Unos meses antes de su muerte, a los 83 años, el periodista Marcelo Costanzo lo encontró caminando por un boulevard de San Martín y no dudó en grabar la conversación, que se convirtió en su última entrevista.
- Costanzo: “A mí me interesa su historia”
- Barreda: “A mí no”
- Costanzo: “Cuénteme por qué está en San Martín nada más. Eso sólo quiero saber”
- Barreda: “Porque yo estaba en General Rodríguez y de ahí vine a parar a San Martín”
- Costanzo: “¿Cómo está usted después de todo lo que pasó?”
- Barreda: “Bien”
- Costanzo: “¿Está arrepentido? ¿Qué siente hoy?”
- Barreda: “Son cosas que no quiero volver atrás con eso”
Pese a los intentos del odontólogo por cerrar la charla, el cronista caminó junto a él sin dejar de interrogarlo: “Lo conozco hace mucho porque yo vivía en La Plata. Mi pregunta es esa: ¿qué piensa hoy Barreda?”. “Muchas cosas”, retrucó.
Costanzo: “¿Qué? Cuénteme que a mí me interesa”.

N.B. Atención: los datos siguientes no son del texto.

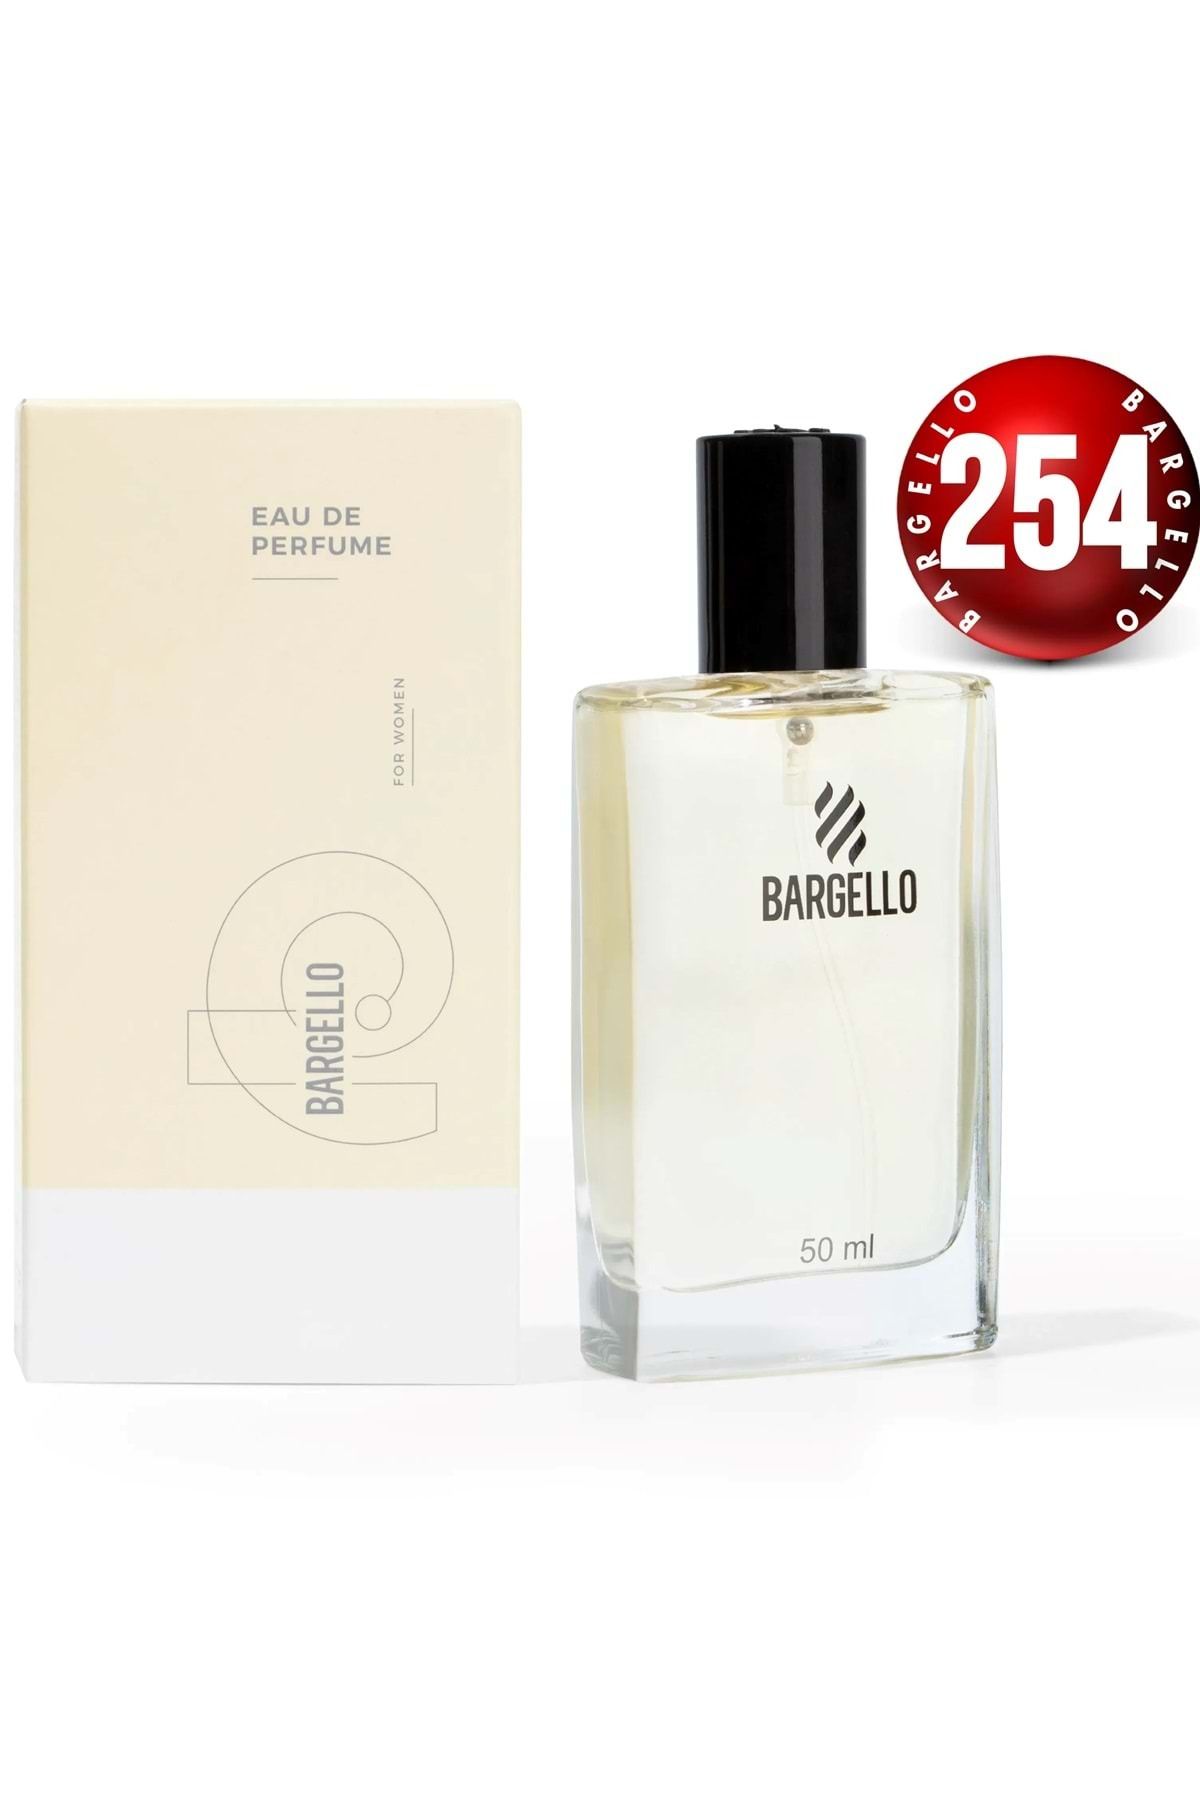 Bargello 254 Kadın 50 ml Parfüm Edp Floral

Barreda: “No, no, no; es que a mí no me gusta revolver. Cuando uno revuelve mierda sale mal olor”.
Costanzo: “Nunca lo escuchamos arrepentido”.
Barreda: “No”.
Costanzo: “¿No está arrepentido?”.
Barreda: “No, me duele mucho”.
La paciencia de Barreda no duró mucho tiempo más y cuando el periodista le consultó si los vecinos le preguntaban sobre el cuádruple crimen, visiblemente irritado le respondió que no lo hacían porque “son todos lo suficientemente cautos para no andar haciendo preguntas irritantes”. “Usted me irrita ya”, agregó, por si no había sido claro.
En ese momento a su mirada volvió un brillo desafiante que contrastaba con todo el resto de su aspecto físico. “Cuidado porque te voy a empujar...”, pronunció. Y así, con paso lento y cabizbajo, volvió a ser el anciano de 82 años después de la advertencia. Le pidió a un chico que lo ayudara a cruzar la calle, y se alejó.
Solitario y final
Barreda murió prácticamente solo un lunes por la tarde en un geriátrico de José C. Paz. Nadie fue a despedirlo. Fue enterrado por un sepulturero y dos ayudantes, que se encargaron de trasladar el cajón. El único amigo que le quedaba fue el que colocó sobre su tumba en el cementerio.
“Arrepentido de mis pecados cometidos”, dice el epitafio escrito por Pablo Marti, un mensaje que buscó en la muerte la redención del hombre que mientras vivió nunca se arrepintió.